PROVIDED MATERIAL:
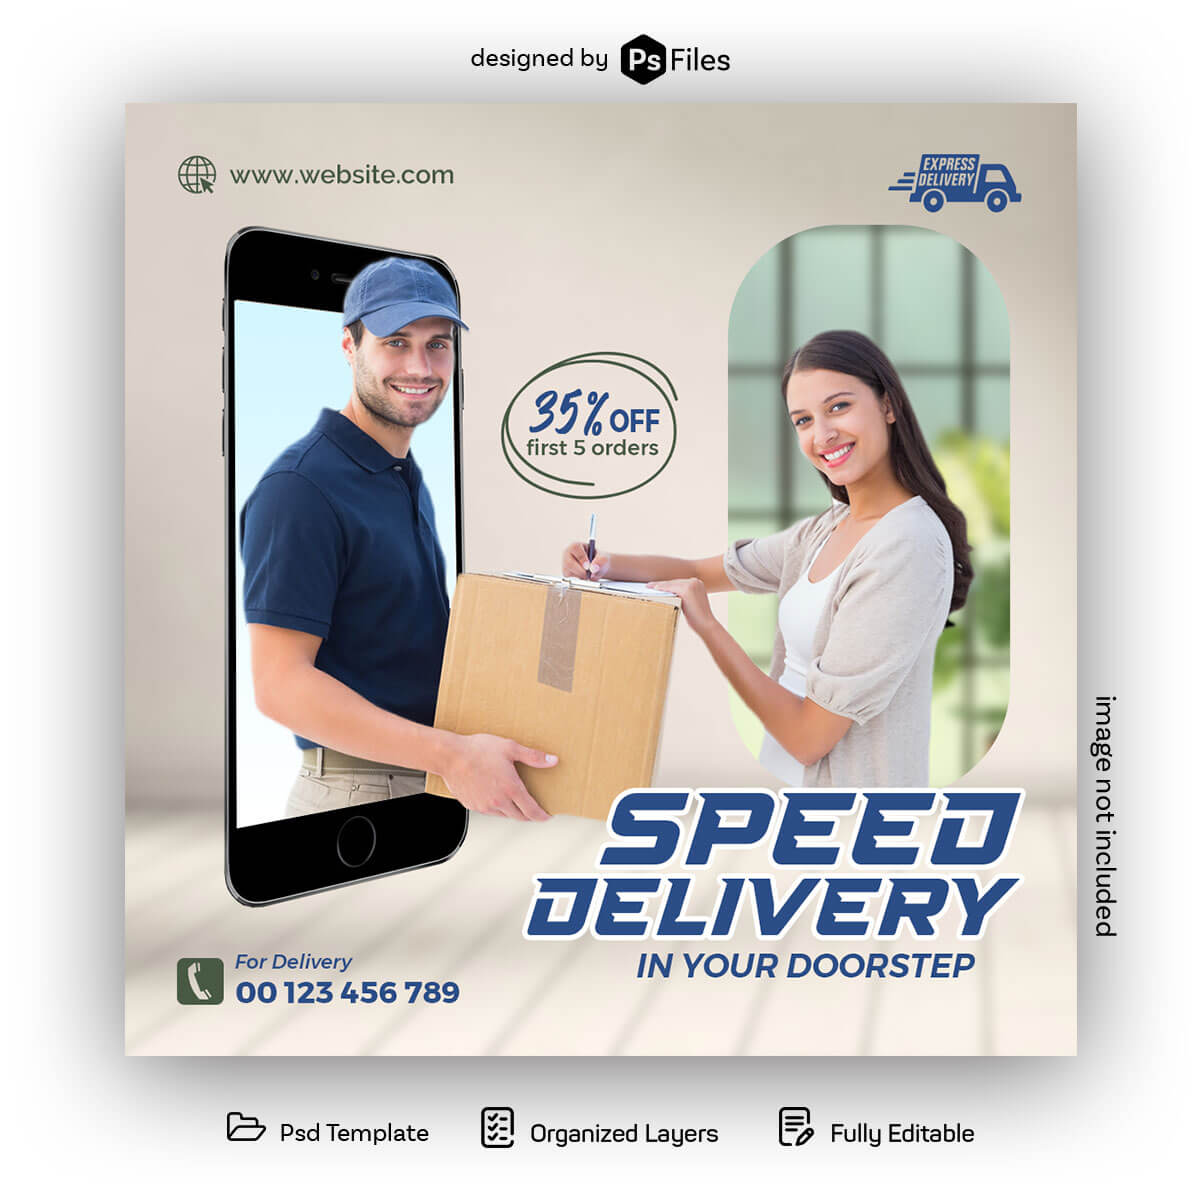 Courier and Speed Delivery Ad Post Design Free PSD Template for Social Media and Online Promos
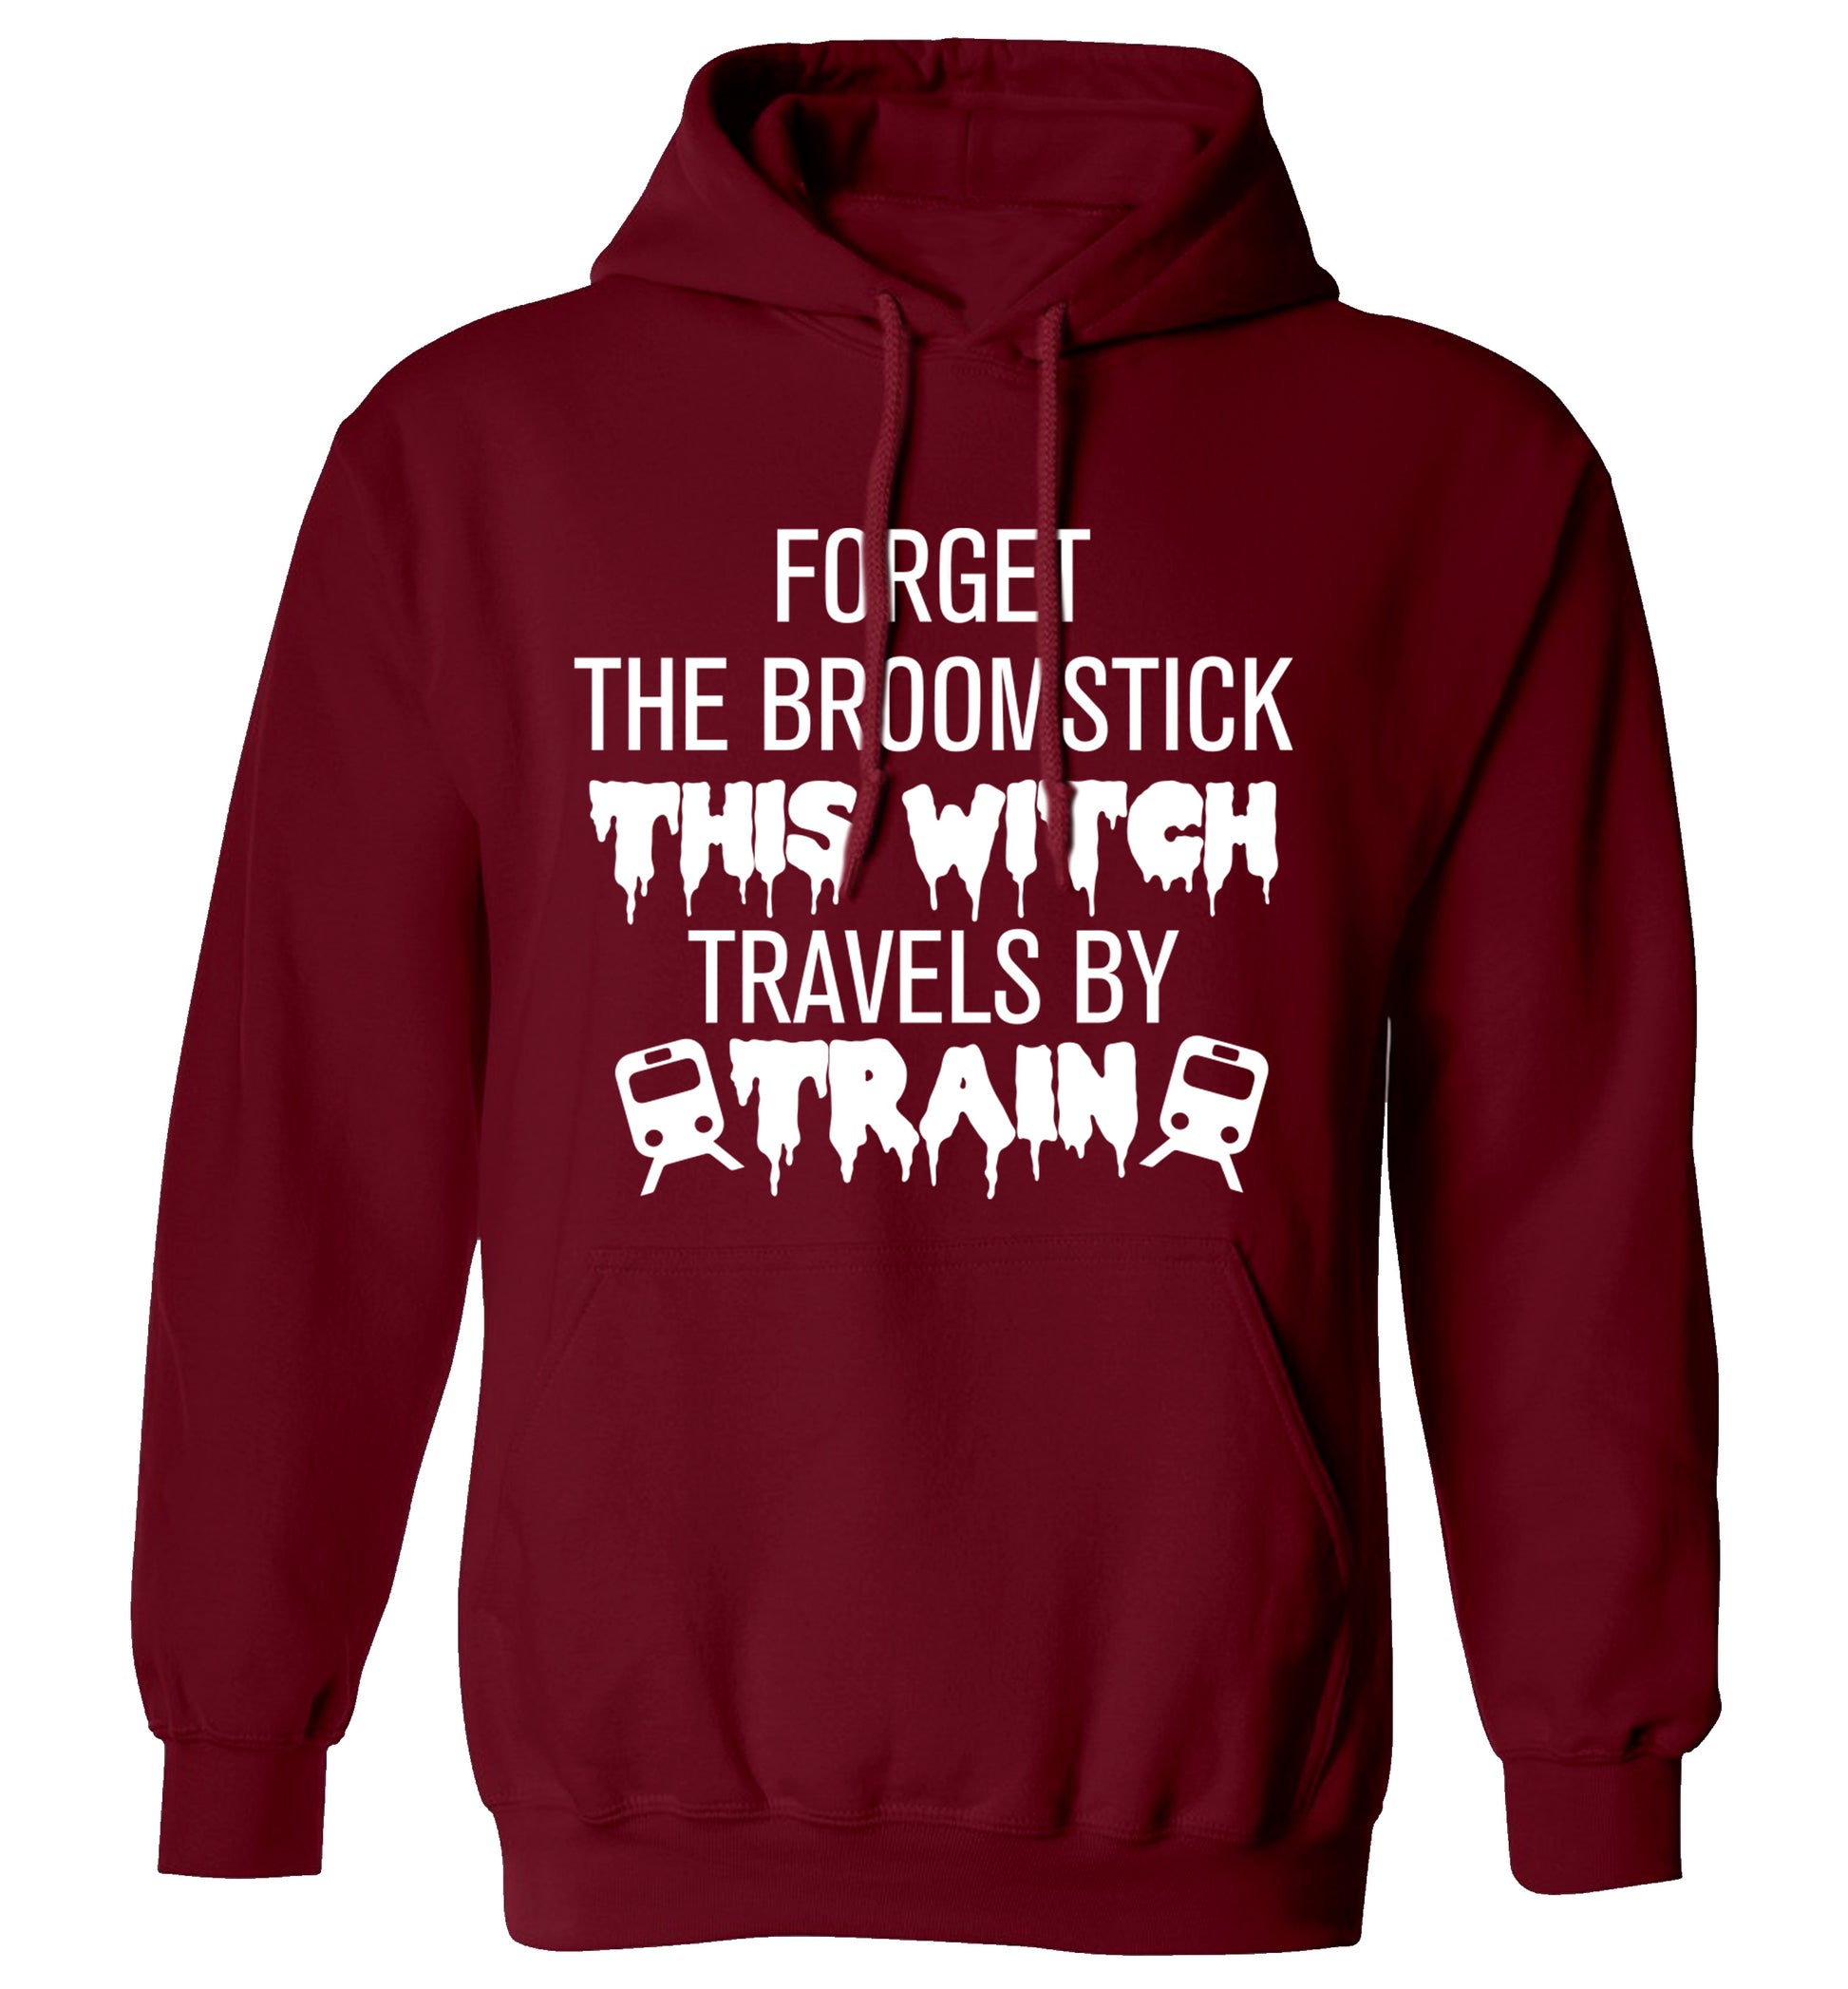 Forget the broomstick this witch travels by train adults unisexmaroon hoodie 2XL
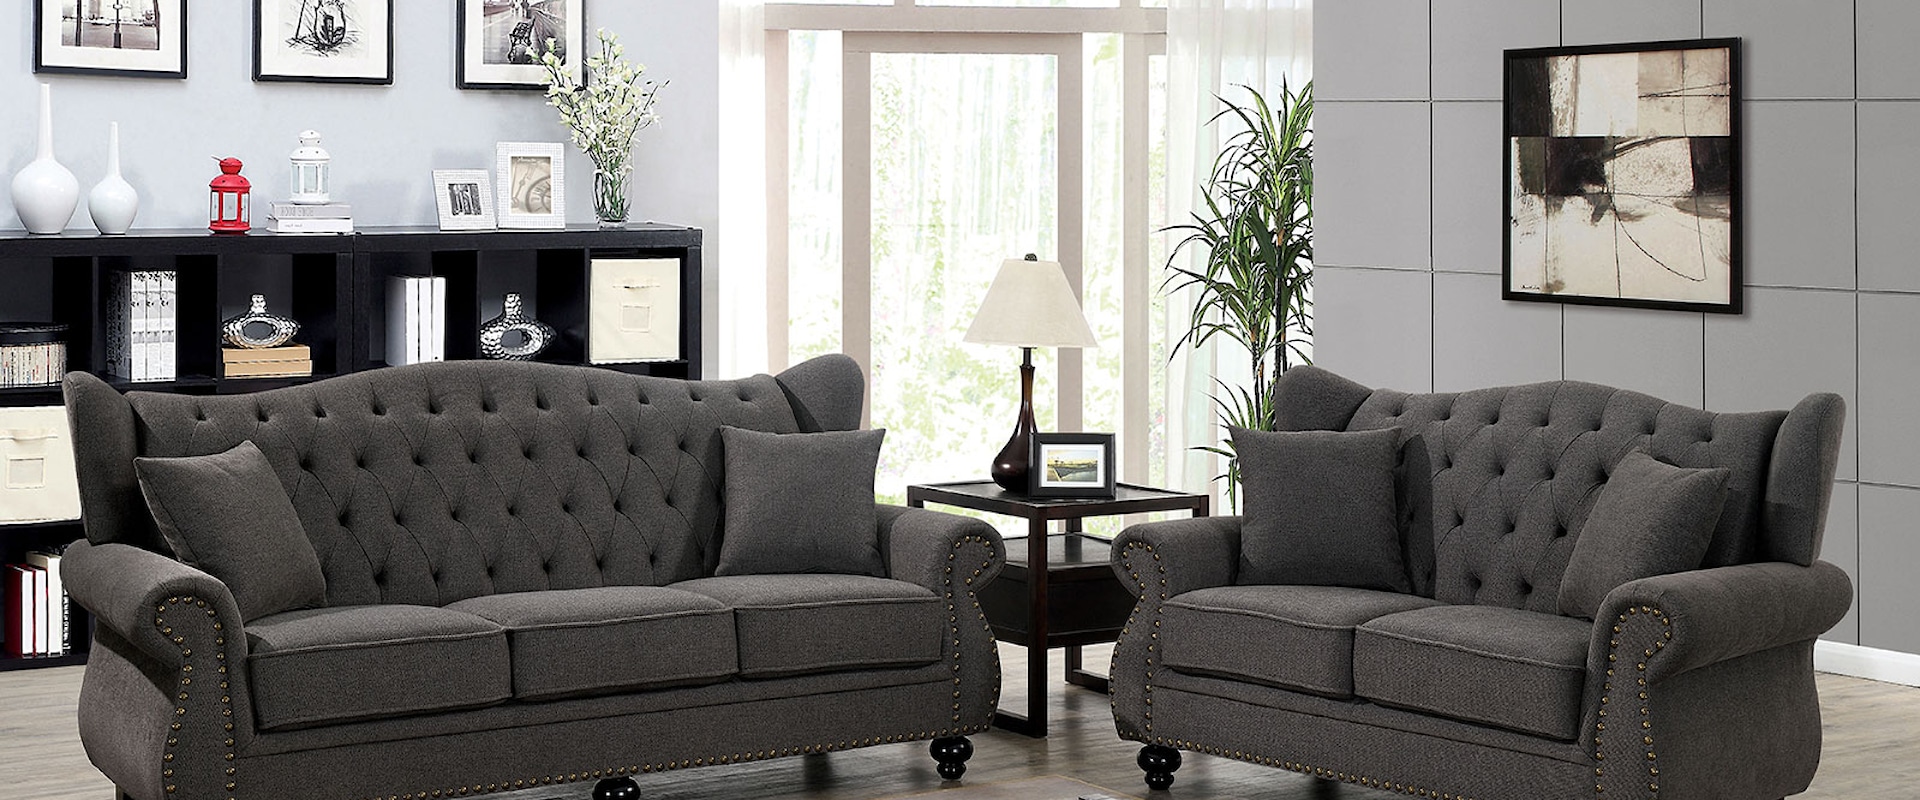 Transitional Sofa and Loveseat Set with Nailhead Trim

TASK OBJECTIVE: Output only these lines, word for word: the line containing "Forget the broomstick" and every line after it through the last line of the data. Omit the pictures.

SOLUTION TO THIS TASK:
 Forget the broomstick this witch travels by train adults unisexmaroon hoodie 2XL
 Transitional Sofa and Loveseat Set with Nailhead Trim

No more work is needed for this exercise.